With so many martial arts schools, styles, systems, and instructors, it sometimes can seem overwhelming in the decision process of picking a school and instructor for yourself, or your family. I refer to an earlier blog of mine where I discussed how to pick the proper Art for oneself. Keeping that in mind, the potential student should ask himself/ herself the question, "What do I want out of my study of the Arts?" The answers vary greatly from self defense to sport to socialization. Another consideration is, "What Art is best suited for my body type?" A long lanky individual might do well in Taekwondo where someone lower centered might do better in a grappling style. However, this is just a rule of thumb and not in stone. I have competed against many different body types in the Arts I teach and study, Taekwondo and Hapkido. Bruce Lee is quoted as saying, "Keep what is useful, discard what is not, and make it your own." This give us a lot of latitude in our training even though we study a "system" of conceptually driven techniques. So much for the review. What about the school and the instructor?
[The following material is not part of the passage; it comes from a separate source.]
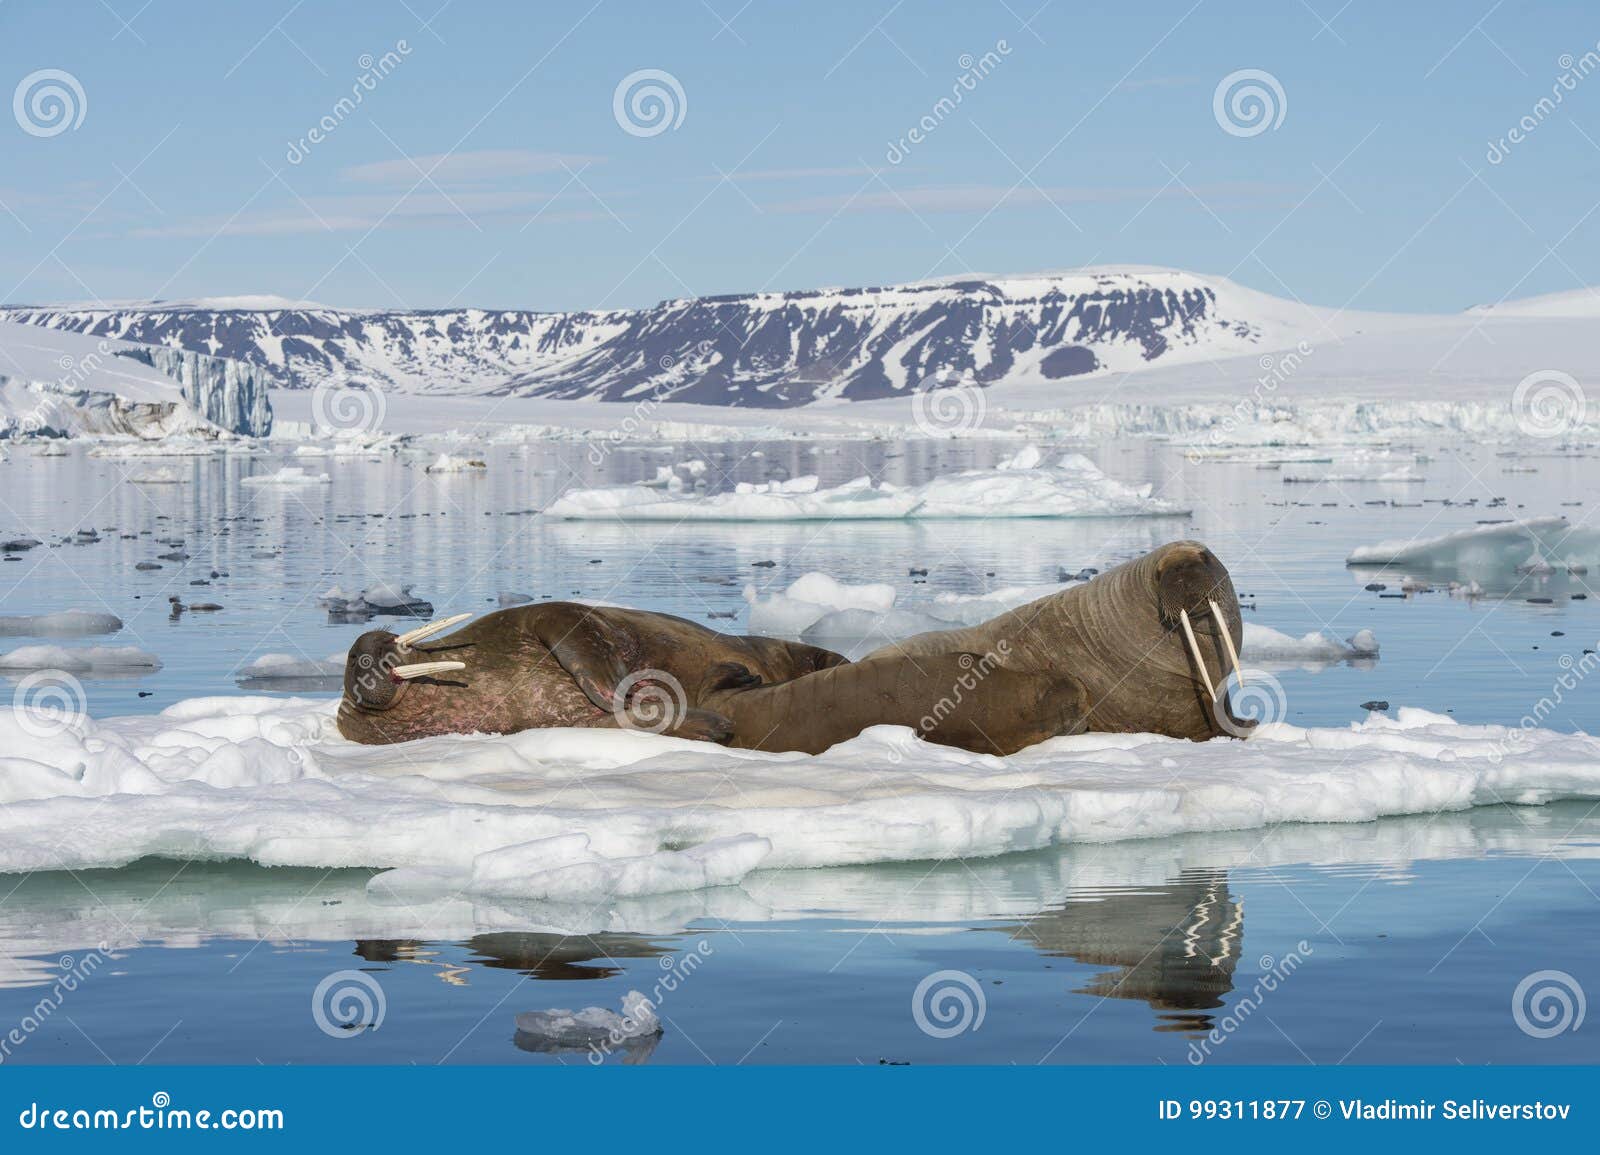 Walruses On Ice Flow Stock Image Image Of Tusk Water 99311877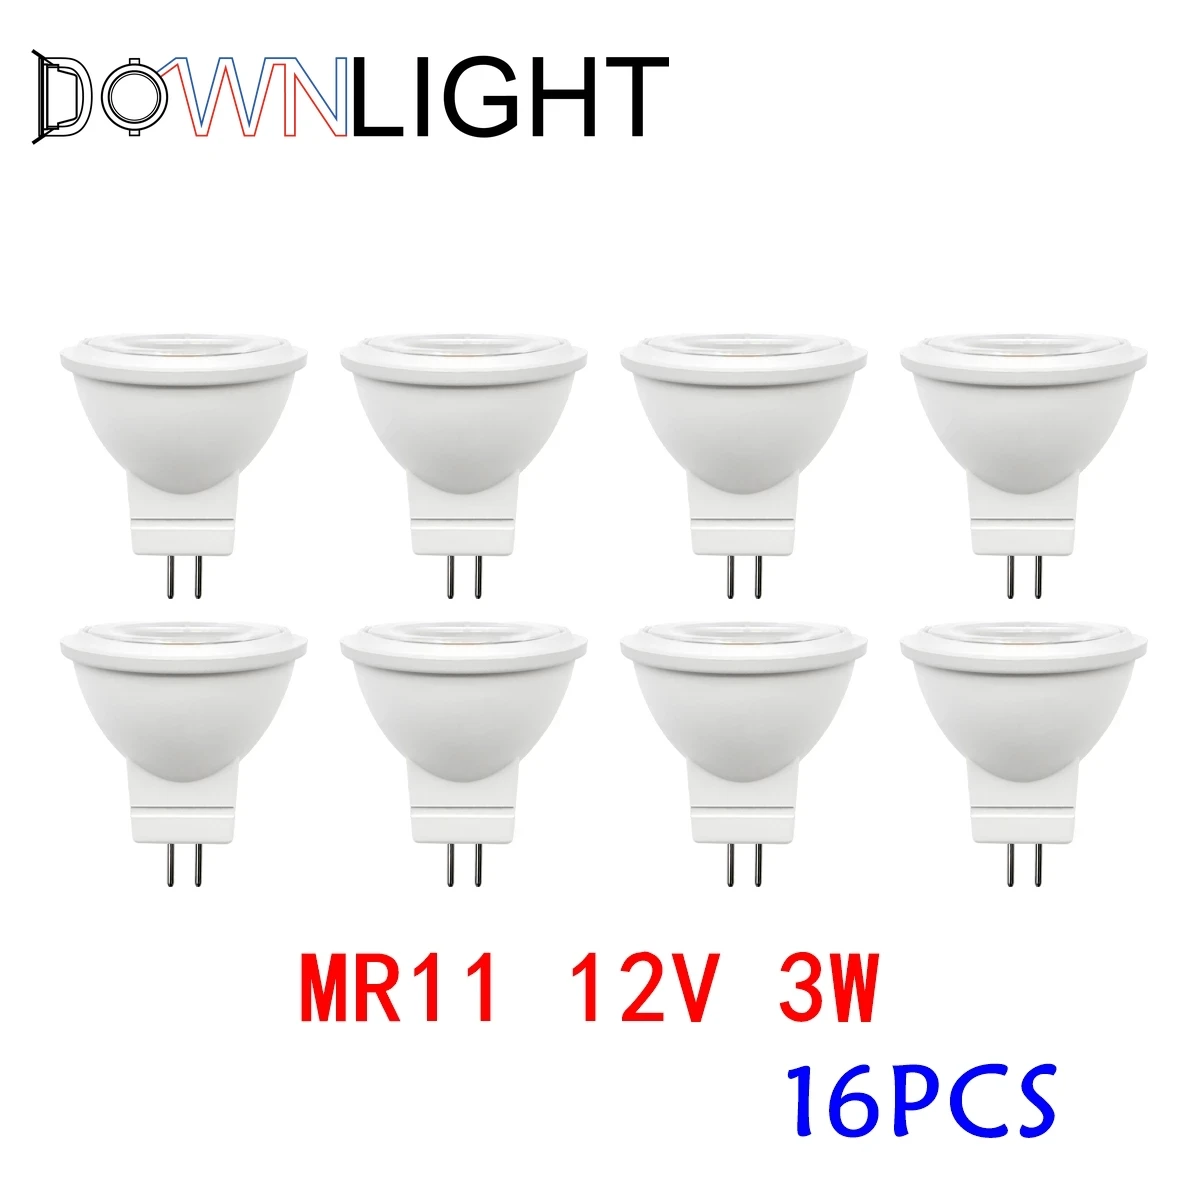 16PCS Energy Saving Led Bulb Mr11 GU4 12V 3W Cob Spotlight 3000k 4000k 6000k Warm Light For Home Decoration Replace Halogen Lamp

Once one makes a decision of what Art he or she in interested in, then comes finding a good match of school, instructor, and student. The mark of a good instructor is one that has the welfare of the student in mind and not his or her own personal agenda. There are many martial arts organizations which schools and instructors fall under. Some even are not affiliated wit any organization, but operate independently. When I was coming up through the ranks there were only a few internationally approved organizations. Today there are many. Let's start with the instructor.
Feel free to ask the instructor about certifications the he/ she has obtained and their experience. Do not let the "bling" of a trophy distract you. Legitimate instructors are willing to allow you to see their certifications and credentials. Go home after and research the credentialing authority. Most main organizations have web sites and information about instructors and qualifications necessary to become a "Certified Instructor."
Next concern is the school. Just because a school has been around for a long time does not mean that the rank one receives there will transfer to any other group if you have to move or relocate. Just like with instructors, schools are "Charted" by the authorizing agency to conduct business, promote students and operate with honor. Once again, ask questions. Go home and research. The same applies as with the instructors.
One last thing before one joins a school is to ask about all fees, contracts, etc. There are many schools who have several fees and contracts and then, if you are lucky, you find a school that is straight and up front about monthly dues and other costs. Check with the Better Business Bureau. Also, you can check the Rotary Club and the Chamber of Commerce. The Secretary of State is another place to look. Most legitimate schools who are interested in good standing in the community are LLC's, Limited Liabilty Corporations. One can find them on the Secretary of State's web site. Here you can find who is active and who is not. Also, you can find those who are revoked.
Go with you gut. Research!!! And good hunting. Training should be fun, safe and effective, and conducted in a positive manner and environment. If an instructor spends his/her time "slamming" other martial artists and schools, it may be a good idea to look elsewhere. That is a waste of your classtime, as well as the mark of an instructor who is not confident in his/her own abilities. A good quote comes to mind here, "When entering this dojo, leave your shoes and ego's at the door."